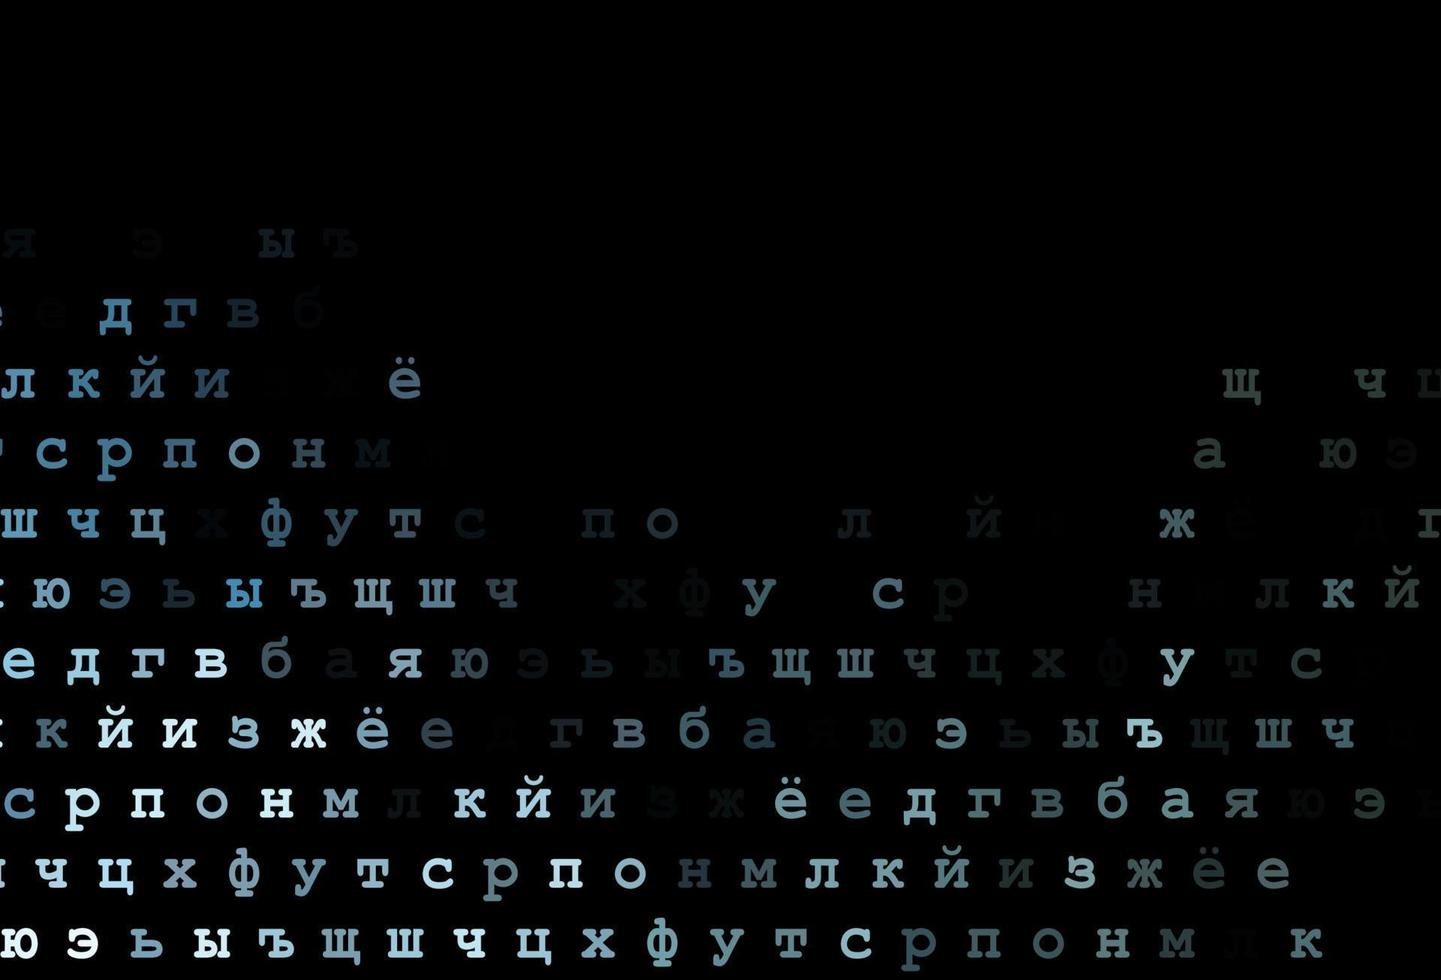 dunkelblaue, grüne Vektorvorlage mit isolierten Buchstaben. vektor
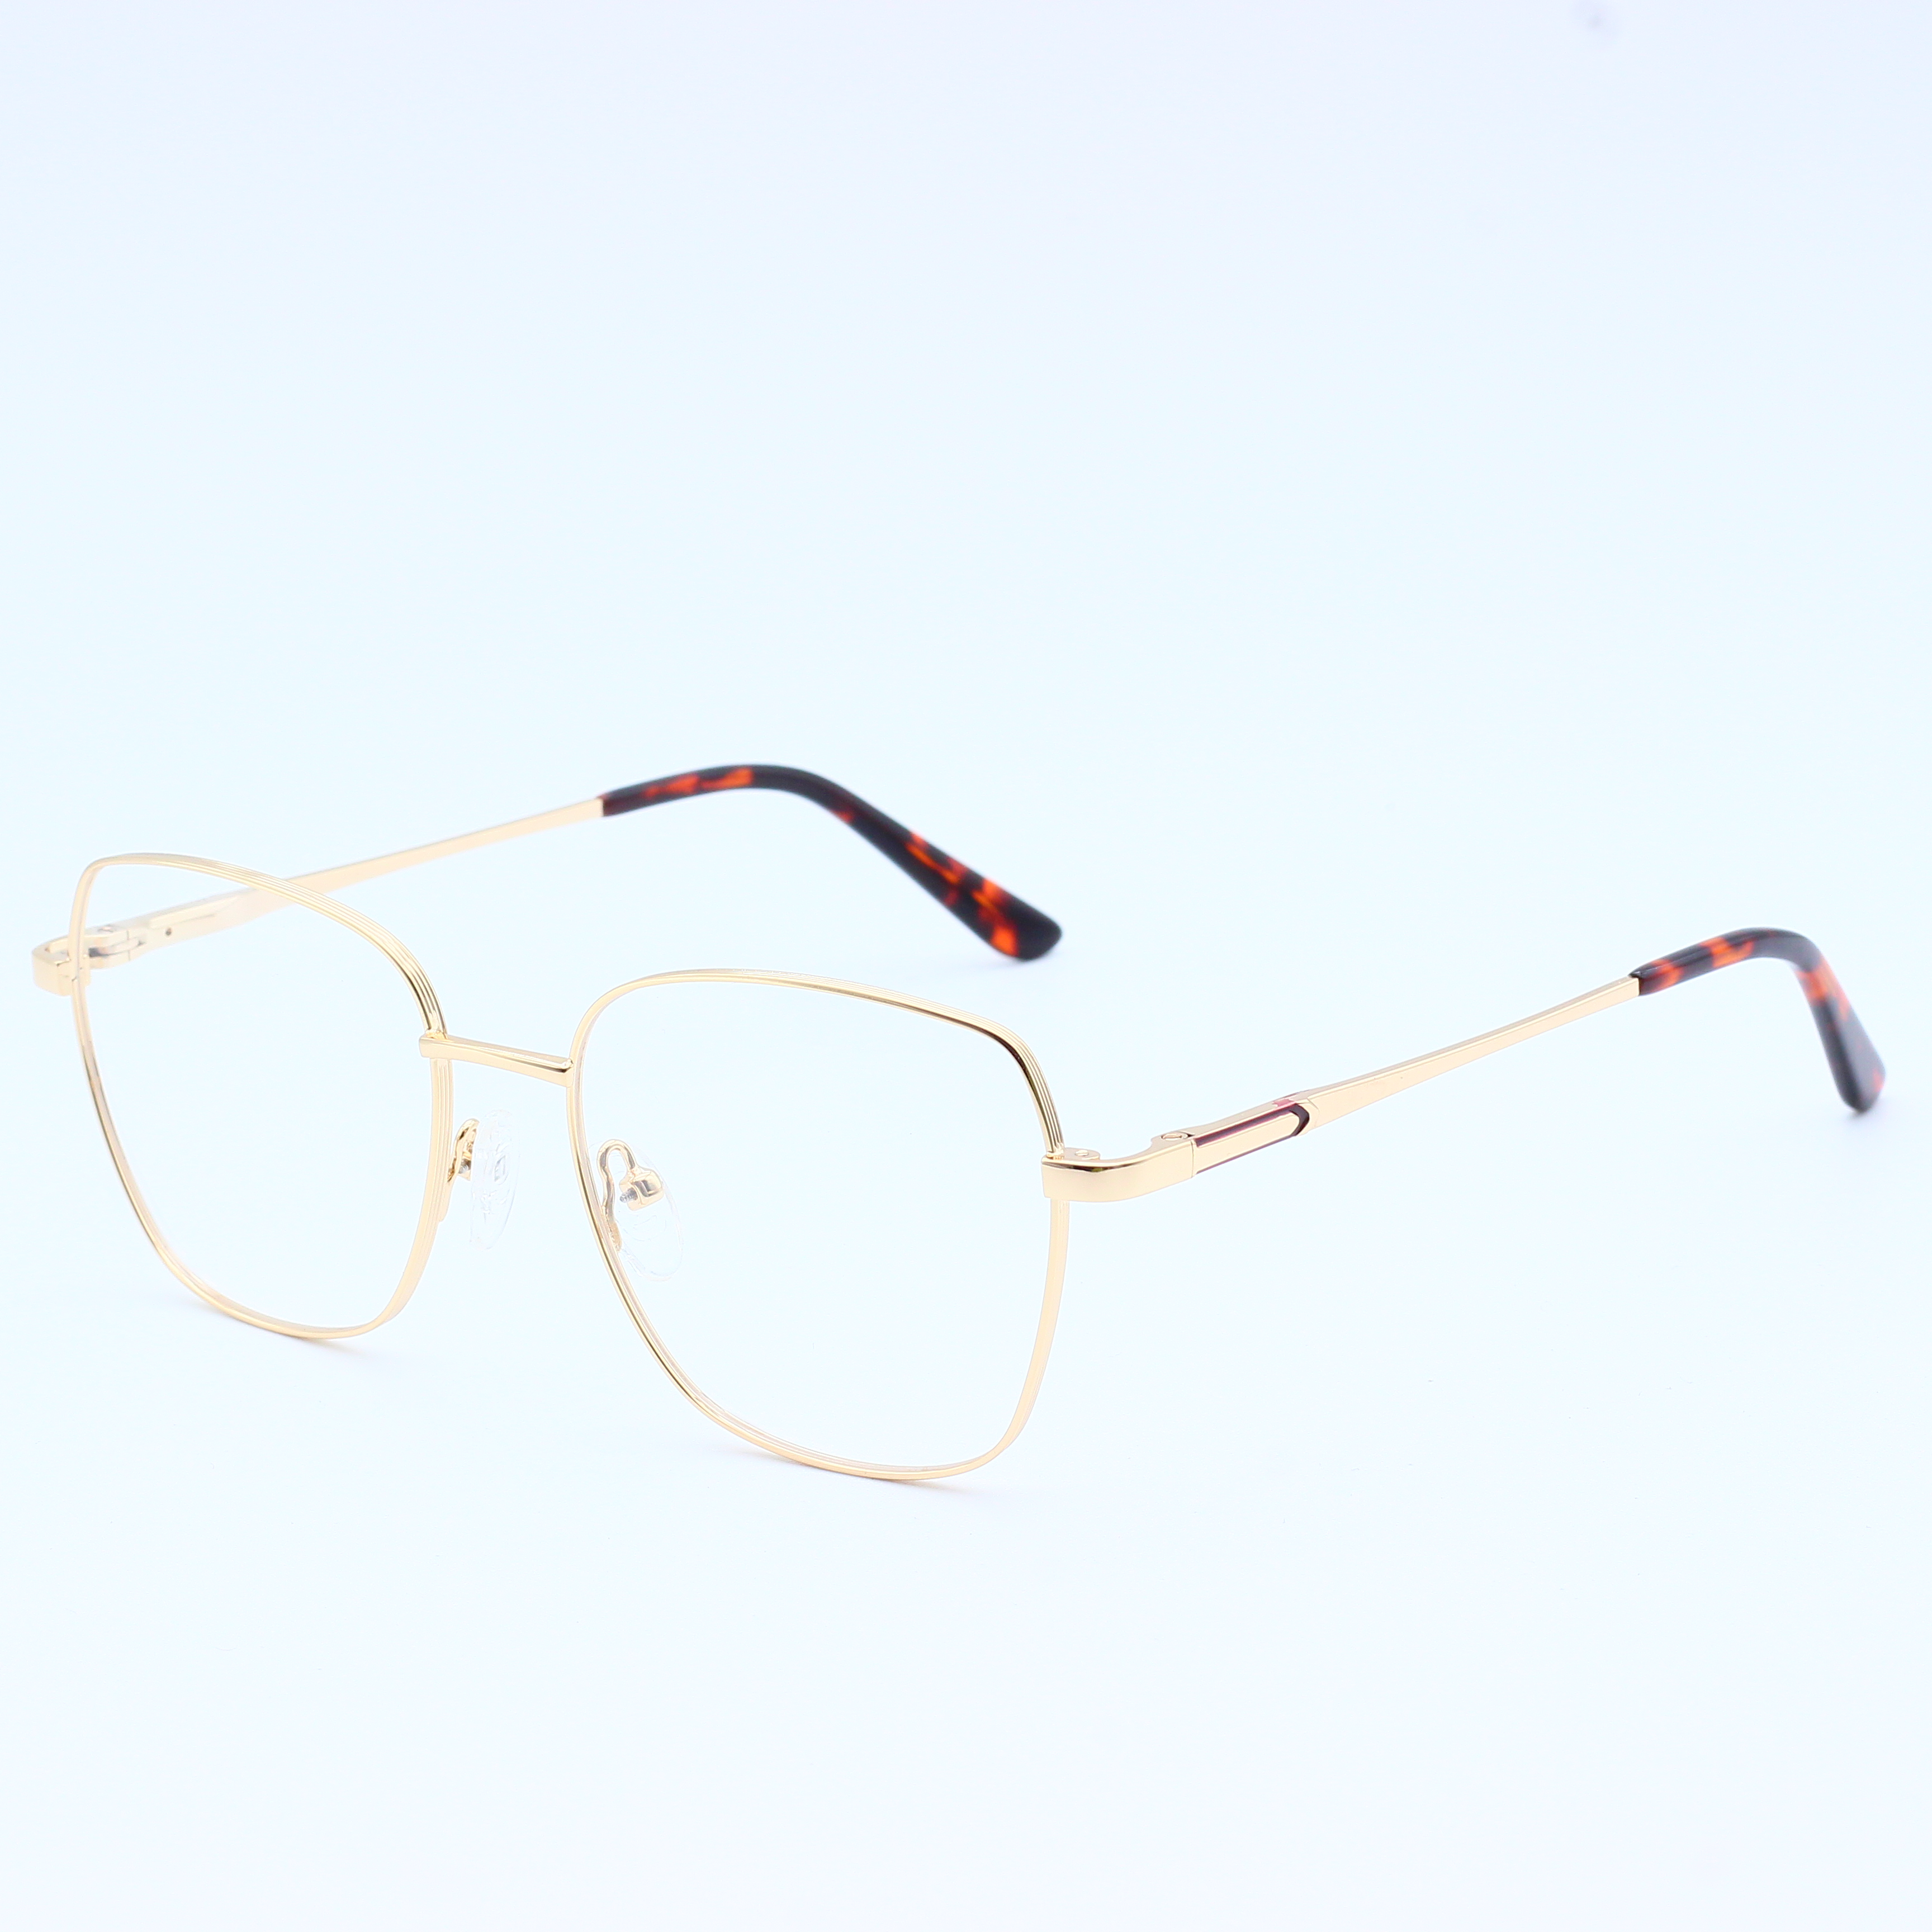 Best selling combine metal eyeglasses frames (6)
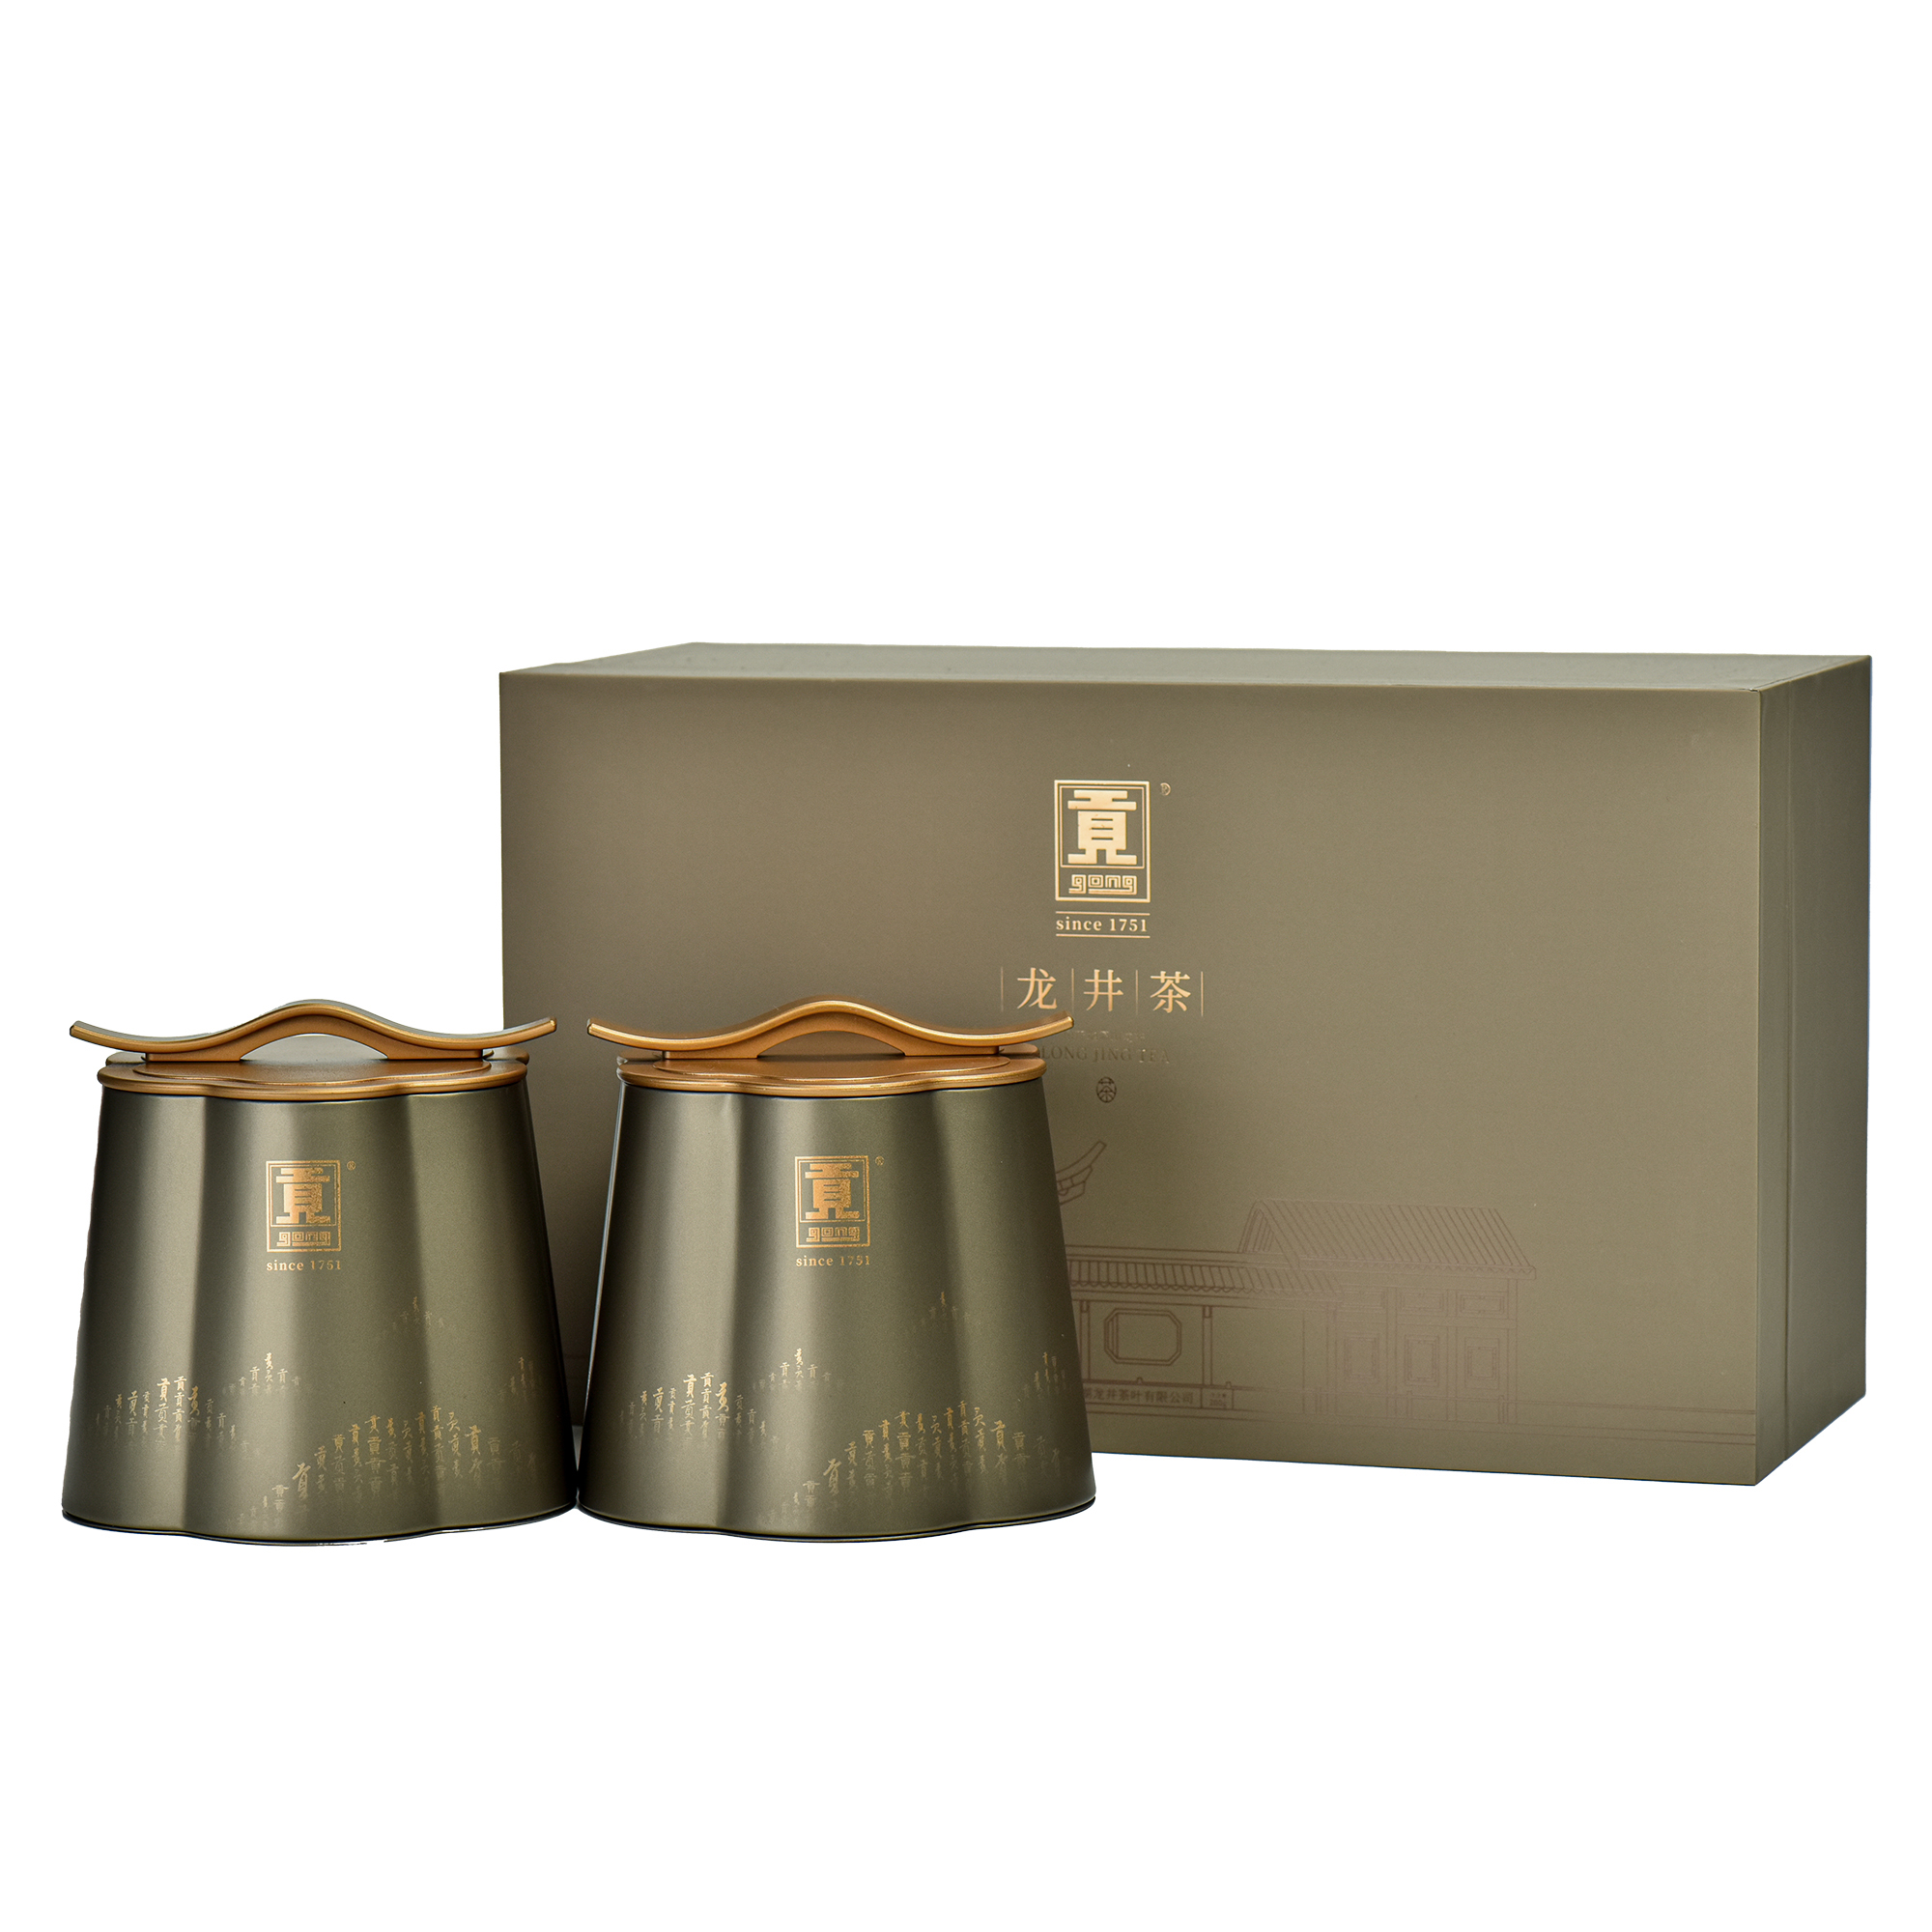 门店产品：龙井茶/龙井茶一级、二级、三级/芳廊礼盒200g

::::

INSTRUCTIONS FOR THE TASK. Reproduce all of the data exactly; the pictures do not belong in the copy.

WRITTEN RESPONSE.
 dunkelblaue, grüne Vektorvorlage mit isolierten Buchstaben. vektor
 Best selling combine metal eyeglasses frames (6)
 门店产品：龙井茶/龙井茶一级、二级、三级/芳廊礼盒200g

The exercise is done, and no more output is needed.